2 Diffraction (Scattering)
2.1 X‐ray and Neutron
Neutron and X‐ray diffraction are two of the principal techniques used to probe the bulk structure of glasses through determination of average bond lengths, coordination numbers (CN), and angles over both the short (nearest neighbors) and intermediate (next‐nearest neighbors) length scales. Data analysis and interpretation are comparable for X‐ray and neutron diffraction so that I will differentiate between the two methods only when needed. In passing, note that in earlier studies the interaction between the X‐rays and the sample was termed scattering, and not diffraction as made now.
For X‐rays, diffraction experiments are readily made but they are not well suited to discriminate between neighbor atoms in the periodic table, such as silicon and aluminum, because of the similar electronic clouds with which X‐rays interact in these cases. Thanks to their lack of electrical charge, neutrons are (with neutrinos) the only particles that can penetrate a condensed phase. They do not interact with electronic clouds, but are diffracted by atomic nuclei because they are strongly sensitive to nuclear forces. If both methods are available, the choice of X‐ray or neutron diffraction depends to some extent on the chemical composition of the glass. Neutrons are, for instance, better suited than X‐rays for investigating light elements such as H and they have the advantage of providing better spatial resolution and allowing more detailed information to be obtained through isotope substitution methods, which rely on the fact that neutron diffraction is sensitive to the neutron content of a nuclei. Practical factors have also to be taken into account: intense sources are much more widely available for X‐rays than for neutrons, whereas the required sample sizes are of the order of 1 mg and 50 g, respectively. The samples themselves may be in the form of powders, glass chips, or shaped glass chips.

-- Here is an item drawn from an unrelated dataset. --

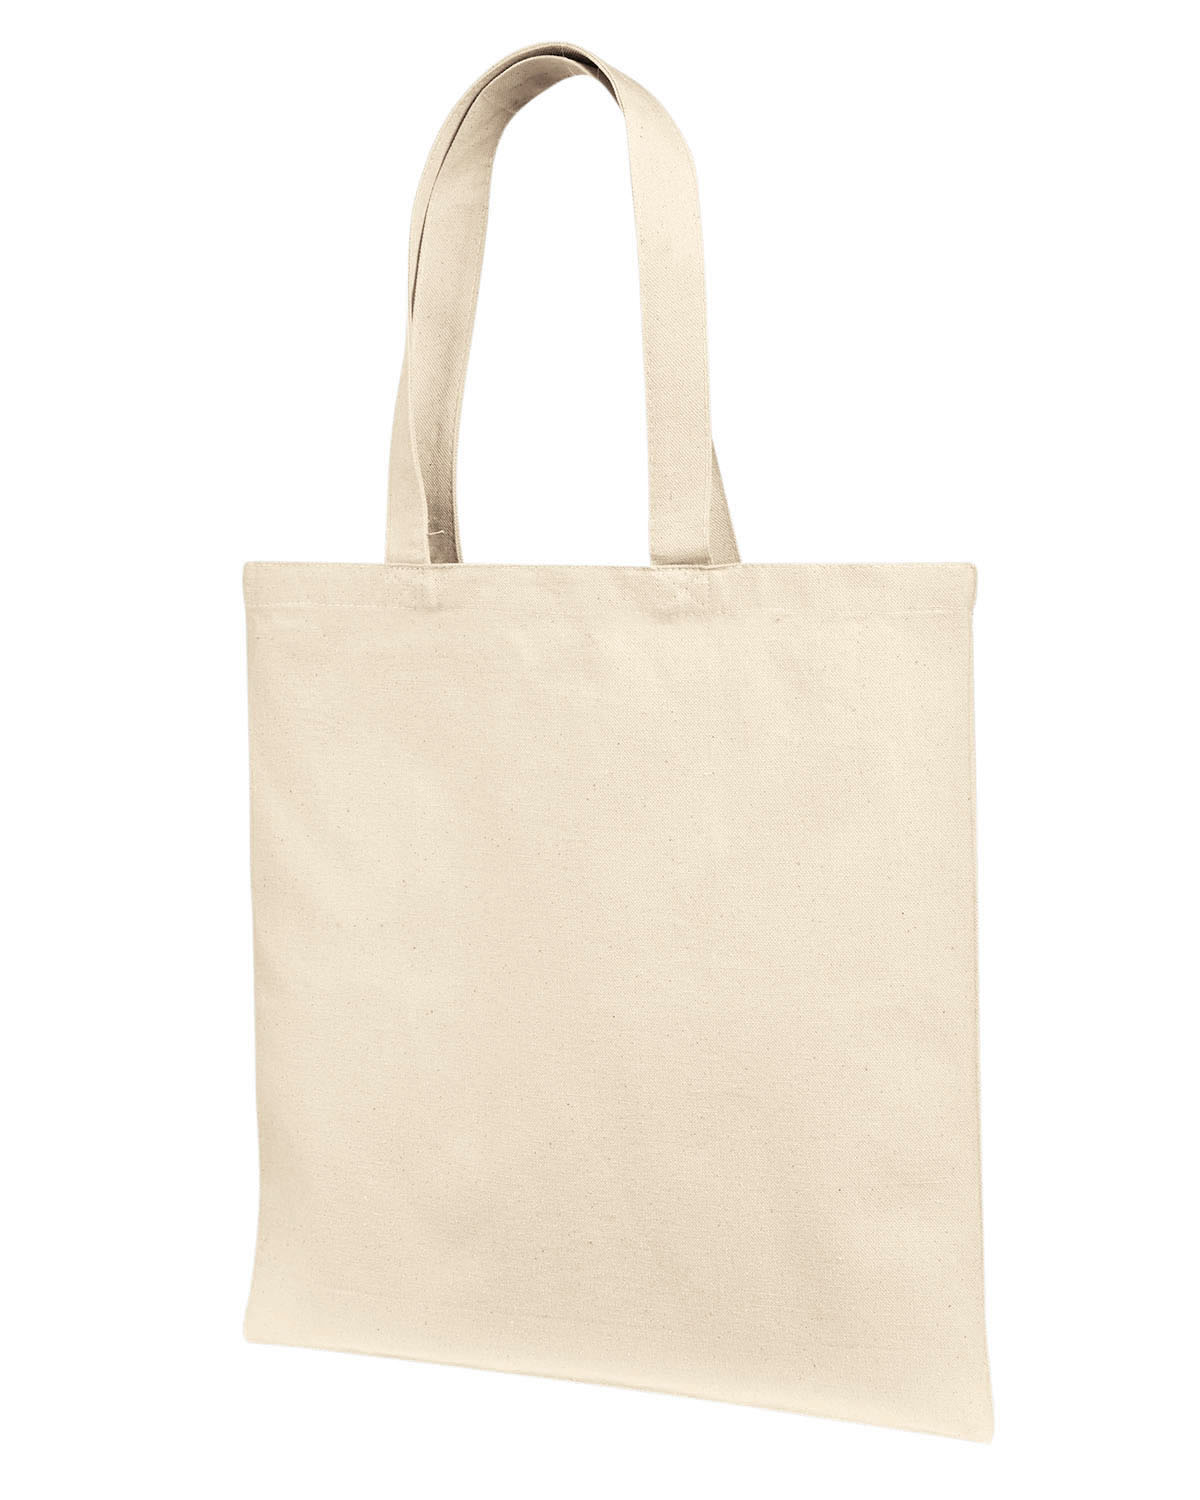 'Liberty Bags LB85113 12 Oz., Cotton Canvas Tote Bag With Self Fabric Handles'

The “diffraction pattern” of a glass is very different from that of a crystal (cf. [3]). A crystal will produce a series of “spots” or “reflections” on a two‐dimensional diffraction image or sharp diffraction lines on a powder diffraction trace. These cannot be seen in the diffraction image of a glass. This contrast is illustrated by the area electron‐diffraction images of a crystalline material (Ba2TiGe2O8, Ge‐substituted fresnoite) and of an amorphous material (Ba2TiSi2O8, fresnoite glass) shown in Figure 1a, b. Clearly, no “reflections” are observed in the glass image. A similar contrast is seen between an X‐ray powder diffraction trace of quartz (crystalline SiO2) and that of the glass plate on which the quartz sample was mounted (Figure 1c, d). Note the very weak intensity, lack of diffraction peaks (reflections), and low signal‐to‐noise ratio of the glass trace. Where there is a “diffraction peak,” it has weak intensity and is extremely broad and diffuse, which is characteristic of a material lacking periodic structure.

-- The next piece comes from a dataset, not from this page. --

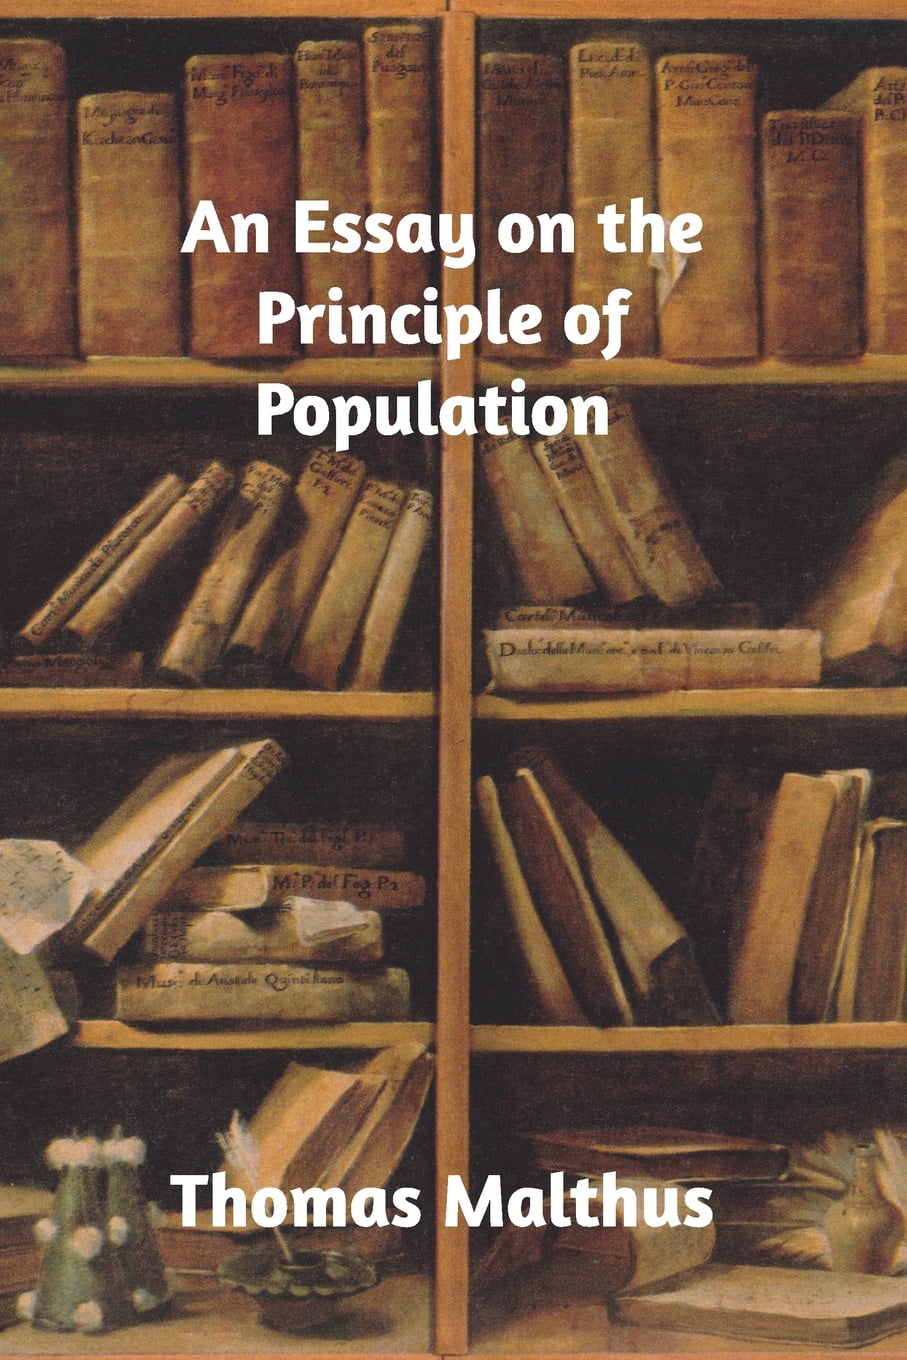 an essay on the principle of population epub

Figure 1 Structural differences between crystals and glasses revealed by diffraction images and patterns. (a) Selected area electron diffraction image of crystalline Ba2TiGe2O8 (fresnoite). (b) Similar image for Ba2TiSi2O8 glass. (c, d) Powder diffraction traces for crystalline SiO2 (quartz) and the glass slide on which the sample was mounted. Glass diffraction trace included in (c) to give an indication of the difference in intensity between a glass and a crystalline sample.

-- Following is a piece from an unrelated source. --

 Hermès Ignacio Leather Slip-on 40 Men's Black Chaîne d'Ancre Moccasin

Each reflection in a crystal image represents coherent diffraction from a plane of atoms whose intensity depends on the nature of these atoms. The “diffraction pattern” of a homogeneous glass will exhibit no such reflections but simply a series of diffuse rings or peaks reflecting those interatomic distances that prevail throughout the glass structure (Figure 1b, d). One does need to be aware that if the material is polycrystalline, it will also exhibit a series of rings but they will be better defined than those characteristic of glasses. Nevertheless, this type of diffraction image can be analyzed and interpreted to obtain average interatomic bond distances and angles, characteristic of the short‐range order (SRO, nearest‐neighbor distances), and to a lesser extent, the intermediate‐range order (IRO). An example of SRO (typically up to ~3 Å) would be around a Si atom with the four oxygens of its SiO4 tetrahedron, whereas IRO (typically up to ~3–5 Å) would be the linkage of this tetrahedron with others to form groups such as rings.
Figure 2 Information drawn for GeO2 glass from diffraction data. (a) Measured total structure factor. (b) Total correlation function. (c) Pair‐correlation functions showing the contribution from the individual atom pairs. Comparison with the earlier data of [4] is also shown.
(Source: After [5].) Results corrected for a number of instrumental effects before derivation of pair distributions serving to identify the individual atomic pairs contributing to the bulk diffraction pattern of the sample.
The most common information derived for glasses from the diffraction peaks shown in Figure 2 are radial distribution functions (RDF), which represent the probability of finding a given atom at any distance r from some atom considered to be at the center of the system. A RDF thus is a one‐dimensional representation of the three‐dimensional structure of a glass that is averaged over the entire system. Because these functions represent the sum of individual pair distributions for every atom of the material, they are widely used for comparisons with theoretical results to check the accuracy of the simulated glass structure.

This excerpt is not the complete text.